12. Тихославль
Проходящий поезд прибыл рано, и на перрон областного города вышли всего несколько человек, в основном «мешочницы», ехавшие в плацкарте. Одна интеллигентная дама была обвешена связками туалетной бумаги, как революционный матрос пулеметными лентами. У второй из тугого рюкзака высовывались, точно боеголовки, батоны колбасы. У третьей из кошелки, покрытой платком, бежала струйка гречневой крупы: видно, порвался пакет. Столица питала страну не только идеями гласности, перестройки, ускорения, но и дефицитными продуктами.
Не выспавшийся и хмурый после вчерашнего повторного пьянства Гена вышел из СВ, огляделся, ища встречающих, но не обнаружил на опустевшей платформе никого, кроме молодого человека с битловской прической и усами подковой, как у Ринго Старра. Посланец райкома так выглядеть не мог, не имел права, но это был как раз он — в джинсах и штормовке. Прислонившись к витой чугунной колонне, «битл» читал «Мымру», номер недельной давности.
«Интересные в провинции партократы!» — подумал Гена.

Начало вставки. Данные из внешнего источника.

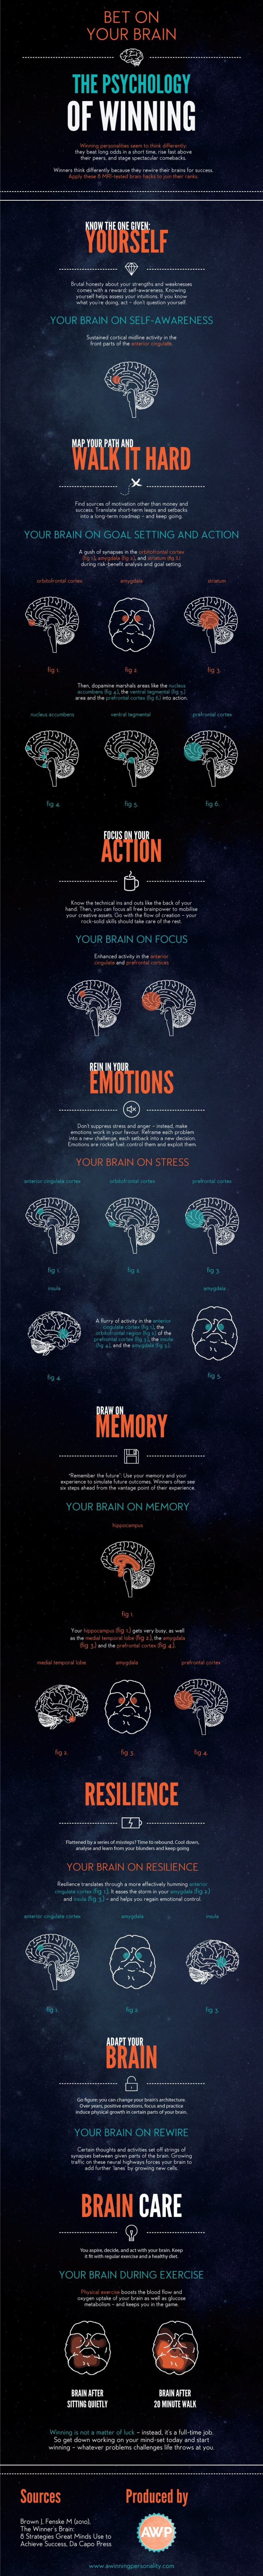 the-psychology-of-winning-infographic_52c69b8e5930c_w1500

Будучи исправным членом КПСС, Скорятин давно уже с раздражением относился к «руководящей и направляющей силе общества», так квартиросъемщик злобится на жилконтору, где все пошло вразнос: то канализация фонтанирует, то крыша течет, то кончается тепло в батареях… Отец — другое дело, тот до последнего верил партии, как жене. В девятом классе Гена по совету дяди Юры стал слушать на ночь «Голос Америки», гундевший сквозь треск глушилок убедительные гадости про СССР. Павел Трофимович выявил крамолу и выпорол сына, приговаривая: «Слушай, что положено, засранец!» В армии на политзанятиях капитан-пропагандист, зевая, бубнил им статьи из «Агитатора армии и флота». Слова тянулись, как бесконечный караван верблюдов, покрытых кумачовыми попонами, но смысл прочитанного был одинаково непонятен и рядовому Торнырдаеву, почти не знавшему по-русски, и самому капитану — выпускнику высшего военно-политического училища. На журфаке скепсис к «уму, чести и совести нашей эпохи» только окреп: даже преподаватели показательно читали «Известия», парламентский орган, а не «Правду», рупор однопартийного маразма, хотя обе газеты были похожи, словно башни Кремля. Попав в семью Ласских, Гена не только укрепился в презрении к совку, но и усвоил улыбчивое снисхождение к этой стране, сразу выдающее в человеке врожденную интеллигентность. К 1988-му неприязнь к советской власти расползлась, точно эпидемия осеннего гриппа. Люди заражались друг от друга в метро, в кино, на собрании, в гостях. Все, будто зачарованные, повторяли: «так жить нельзя». И чем лучше человек жил, тем невыносимее страдал.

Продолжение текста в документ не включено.